YOUR ASSIGNMENT: Every line below needs to be transcribed without alteration, and no image may be carried over.

DATA BLOCK:
--- --- ---
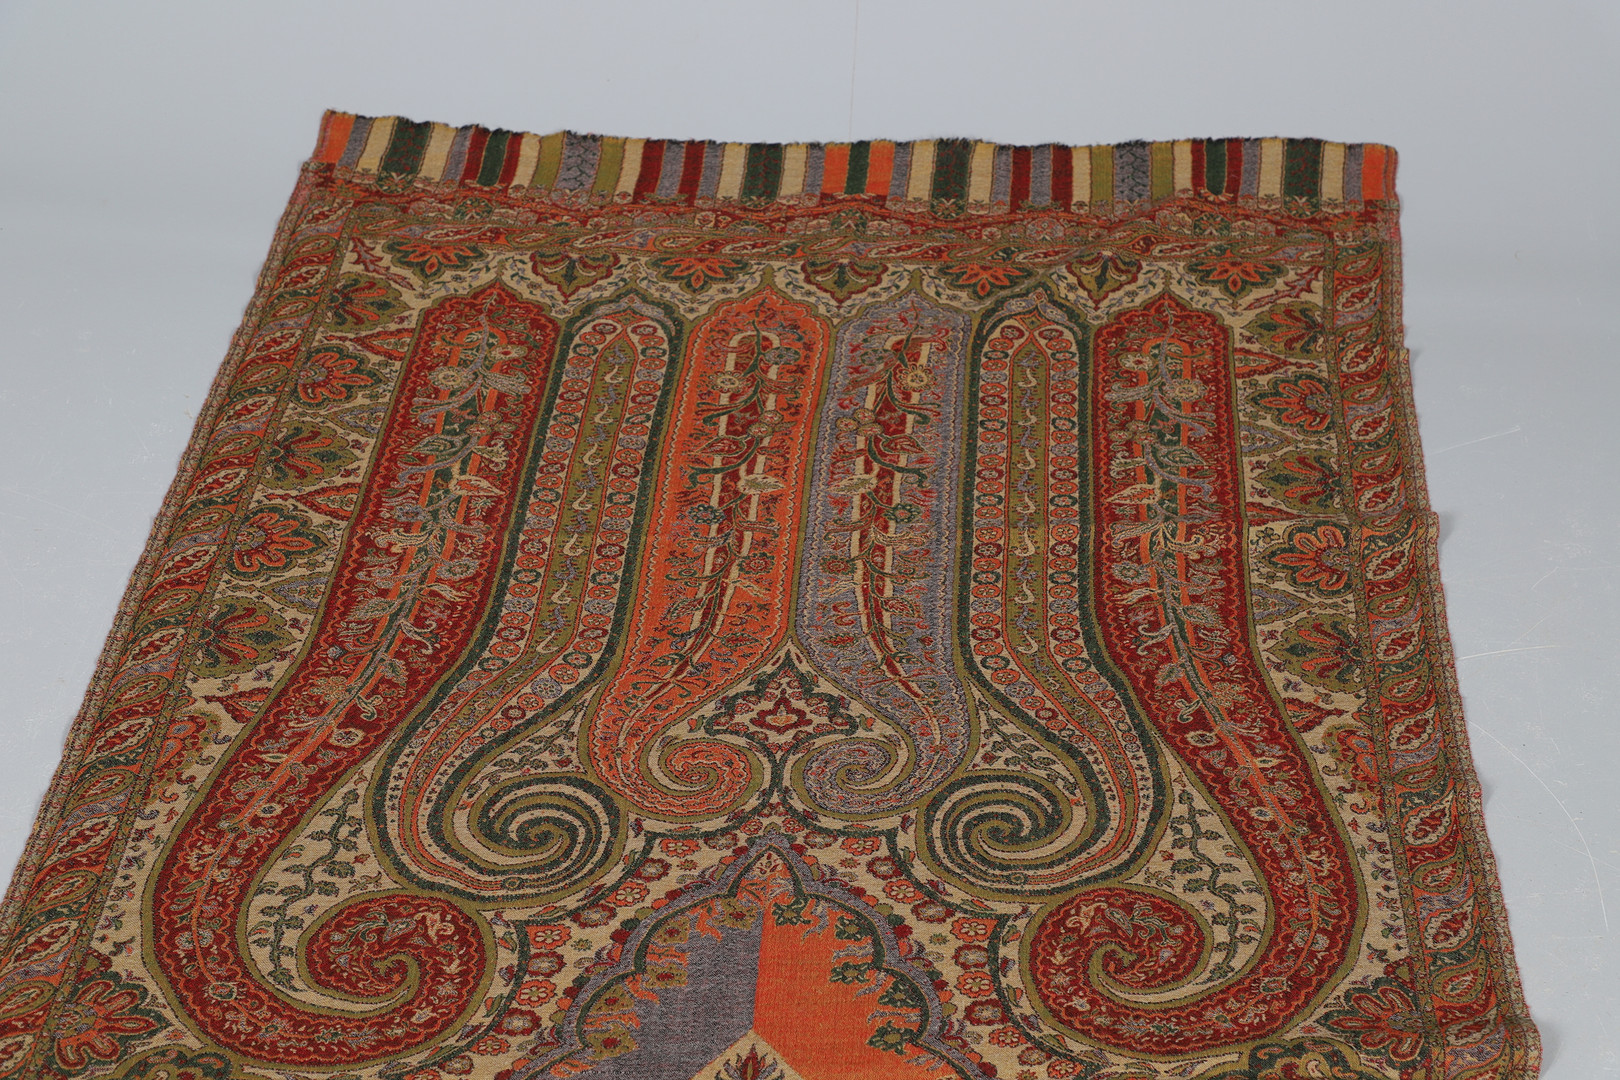 LATE 19THC PAISLEY SHAWL & VARIOUS TEXTILES. - Image 18 of 26
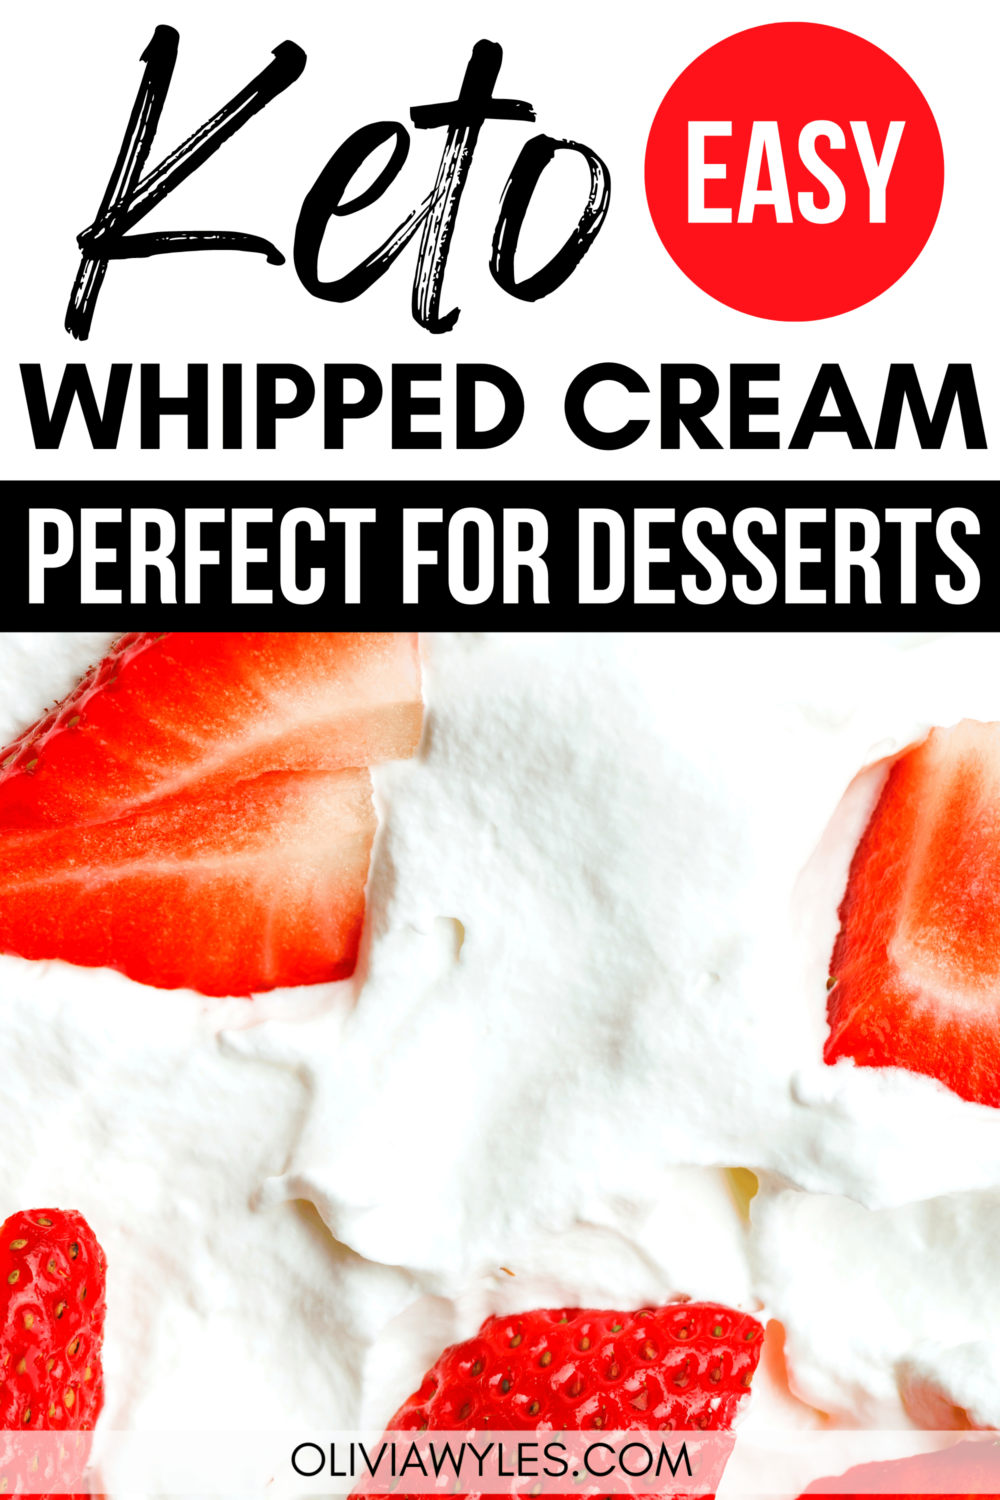 whipped cream and strawberries Pinterest pin image
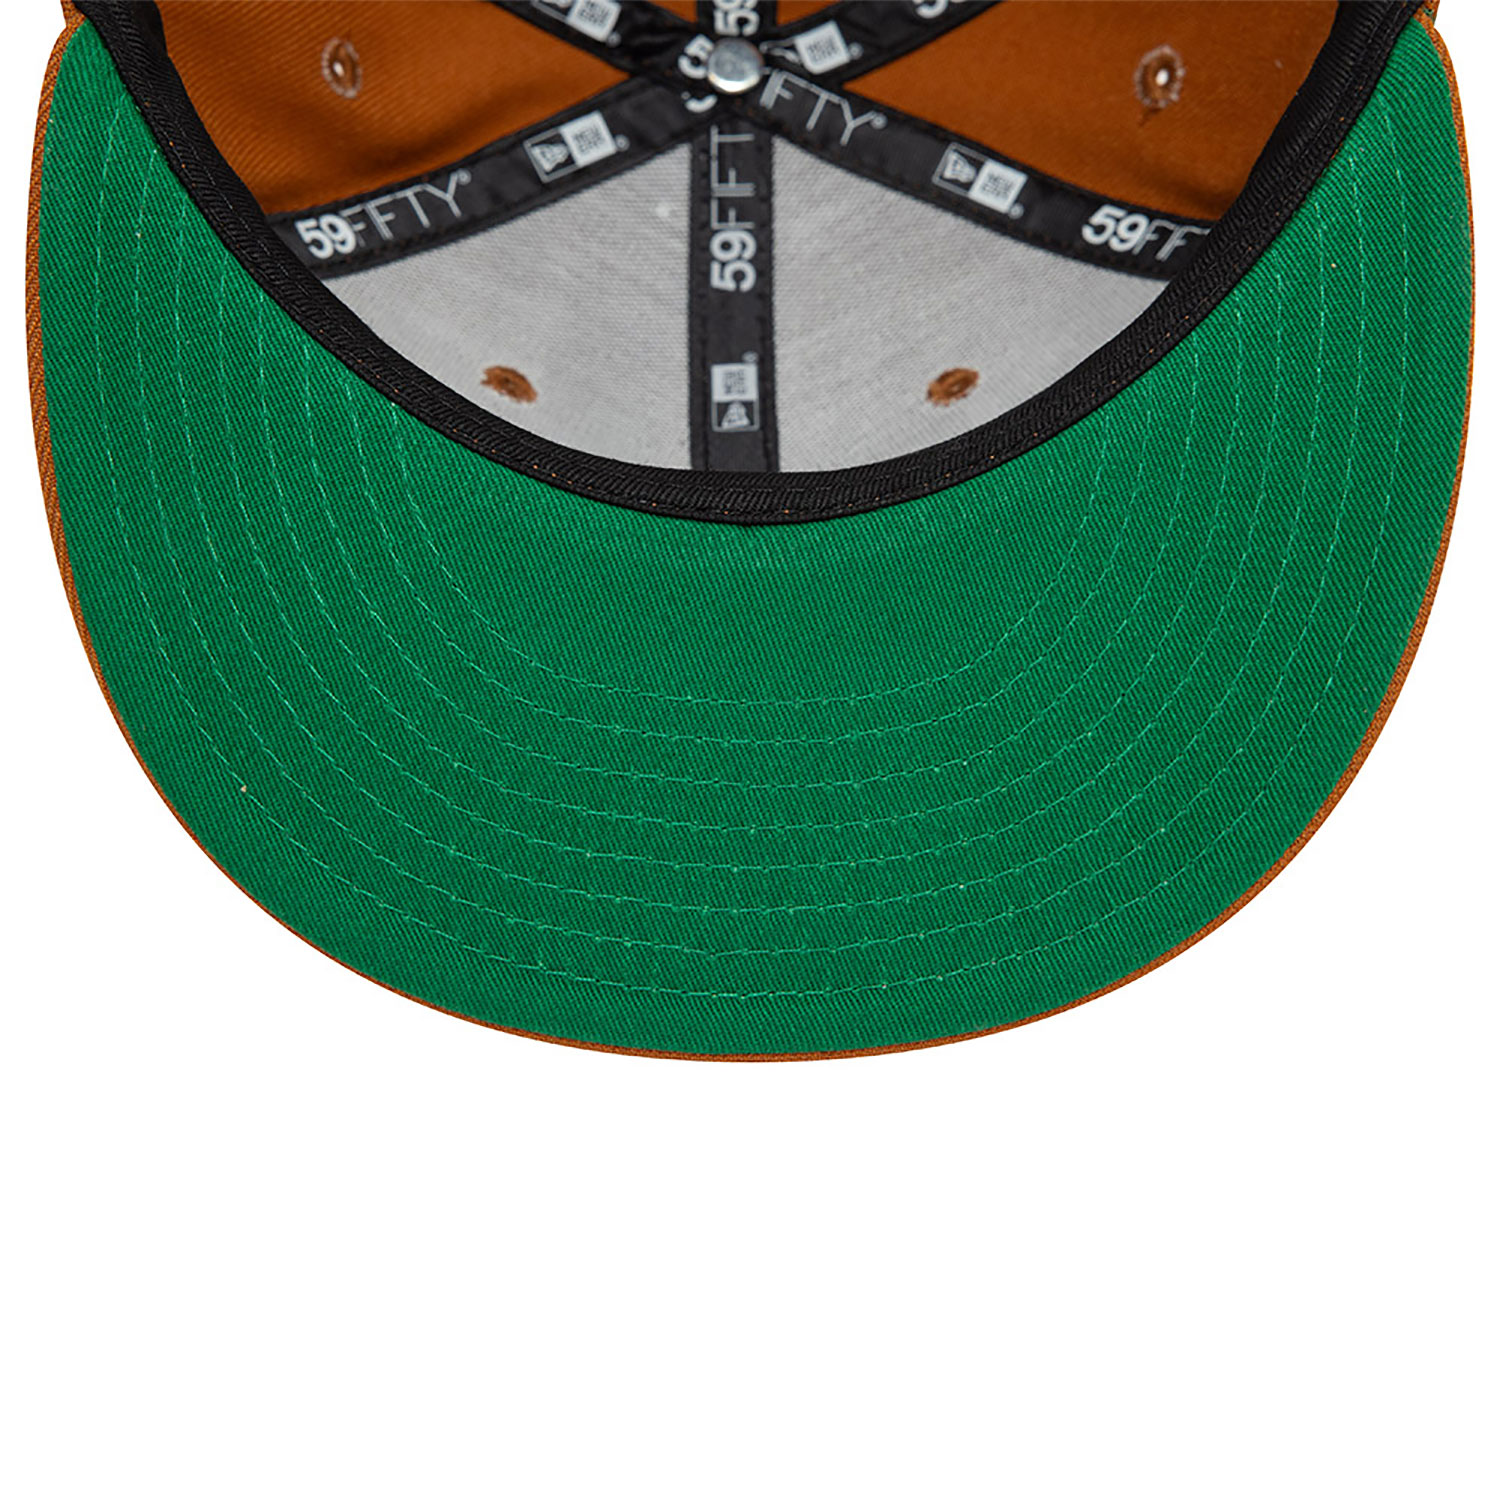 New Era Essential Brown 59FIFTY Fitted Cap
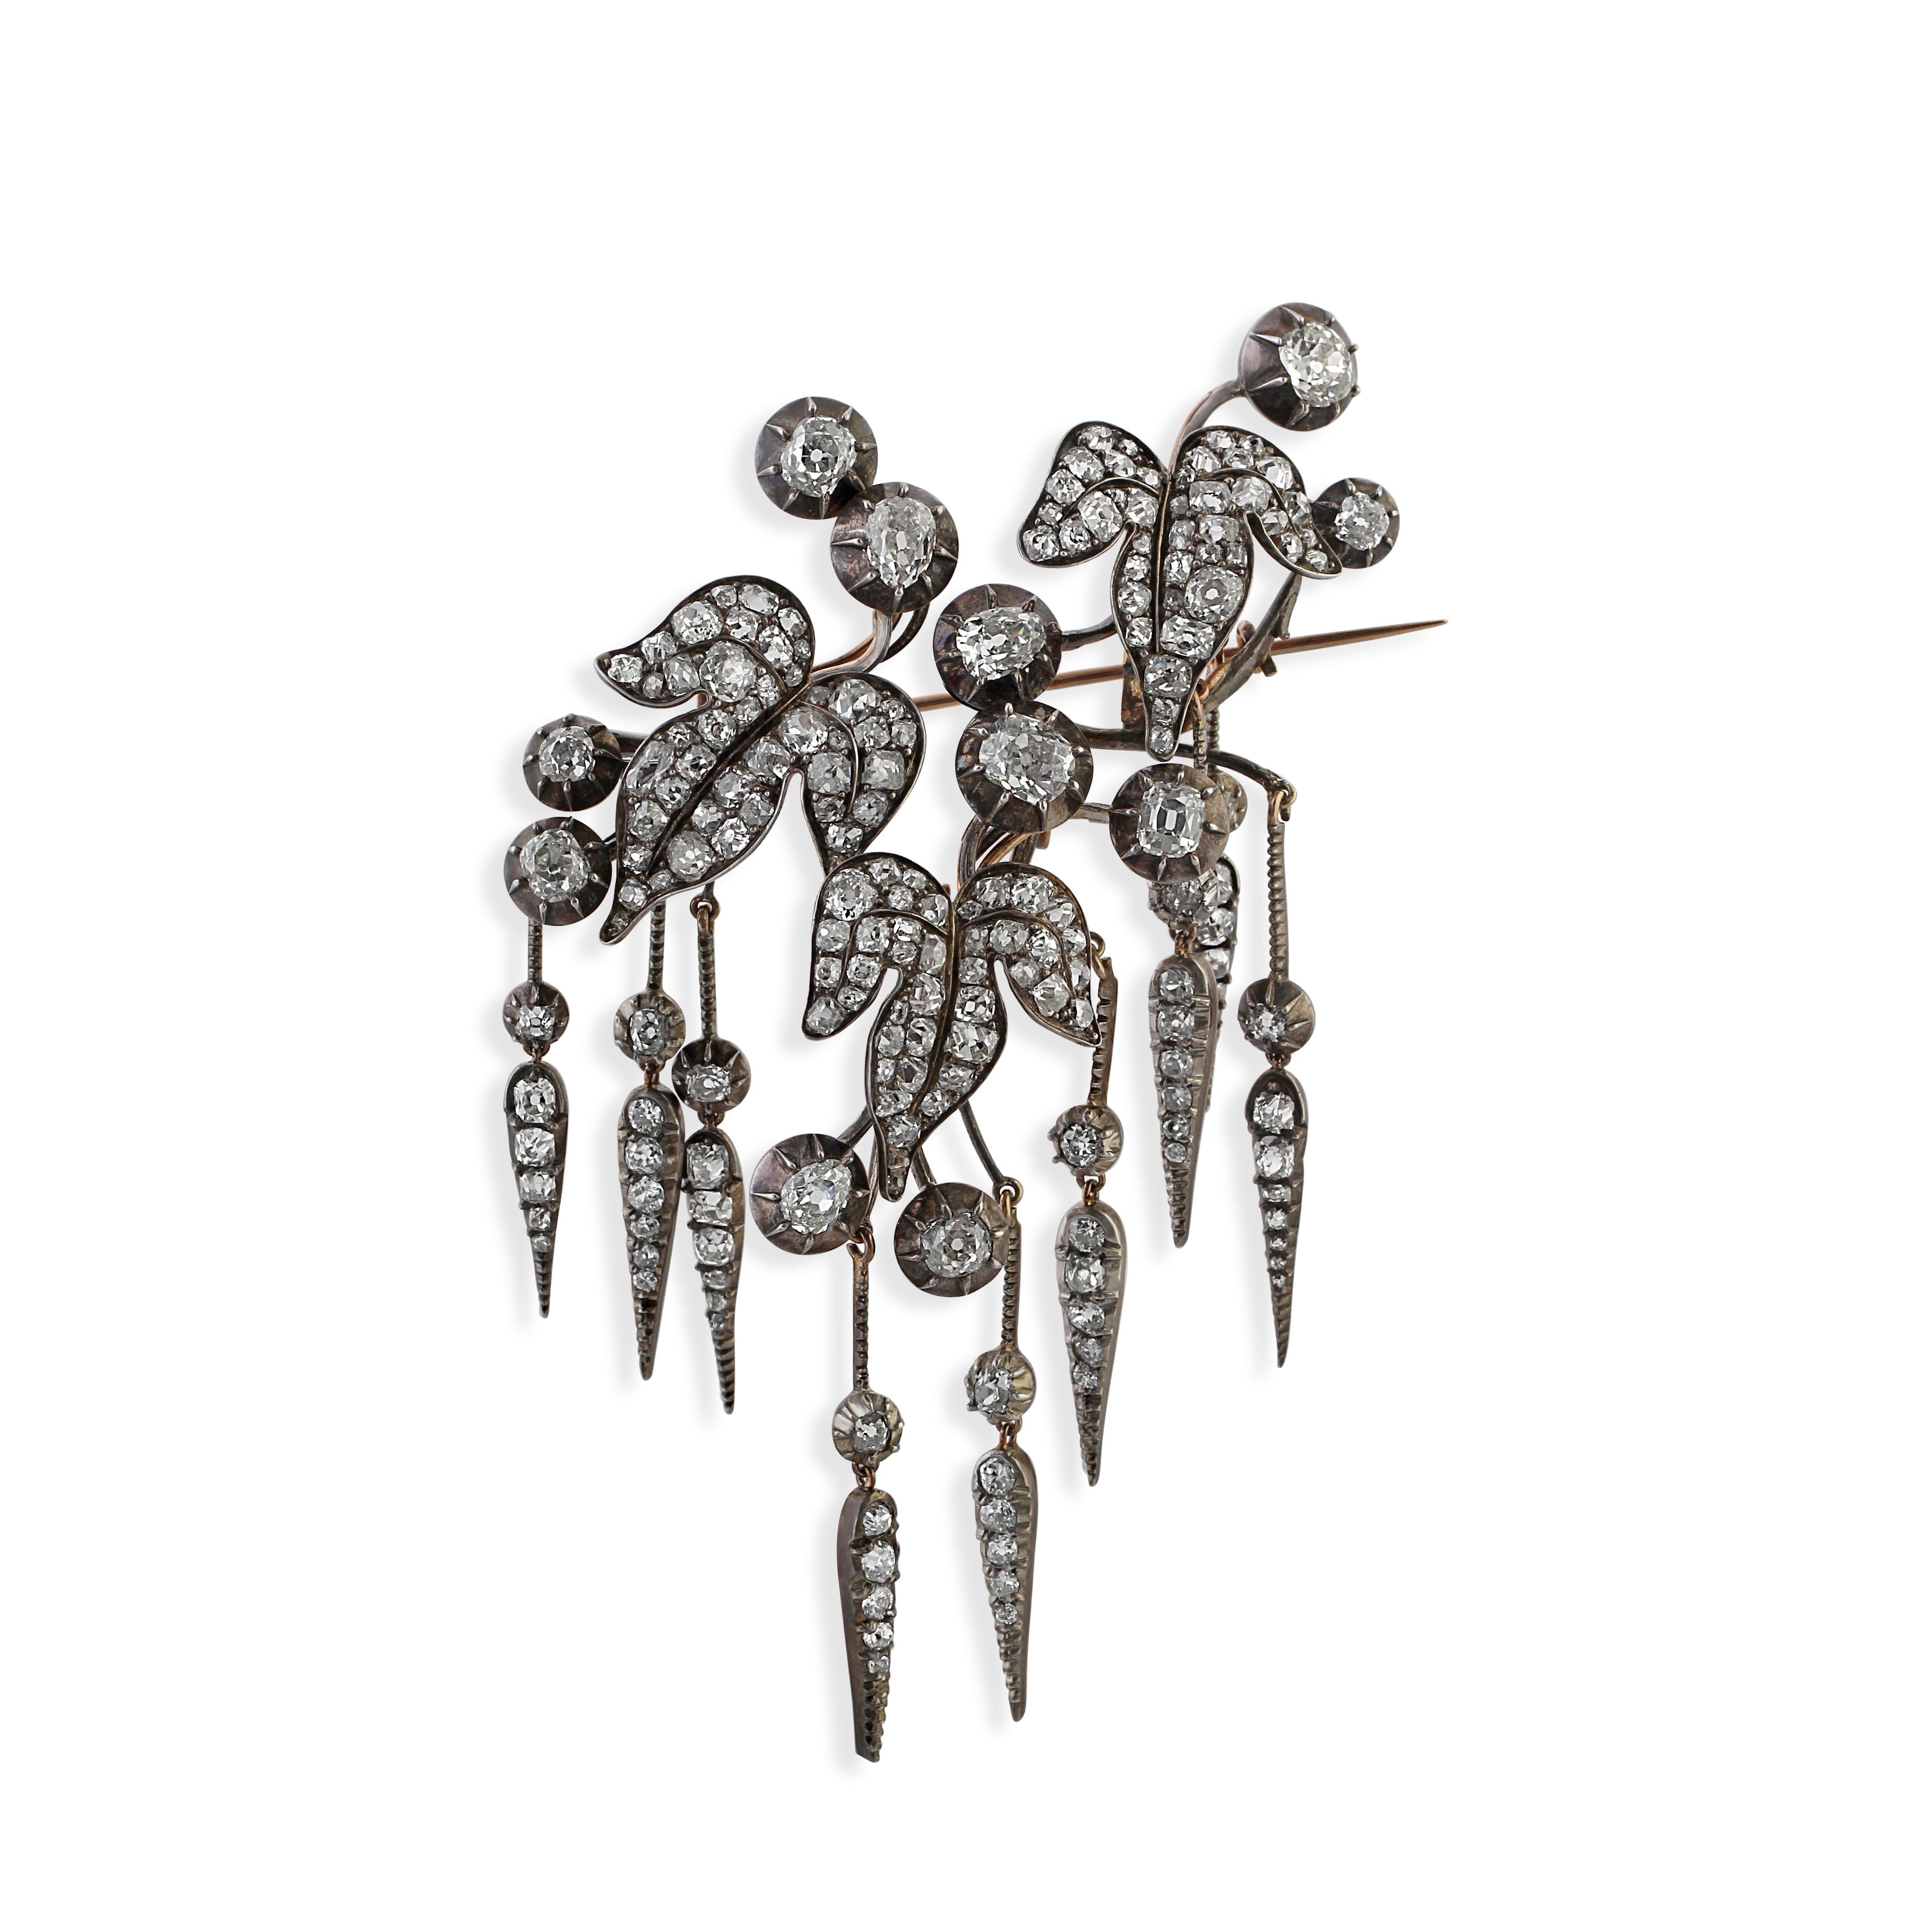 An exceptional antique diamond brooch, stylised as ivy leaves with delicate drops. The piece is set throughout with old and rose cut diamonds. Total diamonds weight = approximately 14-14.50 carats.
--- --- ---
RESULT FOR THIS TASK:
 LATE 19THC PAISLEY SHAWL & VARIOUS TEXTILES. - Image 18 of 26
 whipped cream and strawberries Pinterest pin image
 New Era Essential Brown 59FIFTY Fitted Cap
 An exceptional antique diamond brooch, stylised as ivy leaves with delicate drops. The piece is set throughout with old and rose cut diamonds. Total diamonds weight = approximately 14-14.50 carats.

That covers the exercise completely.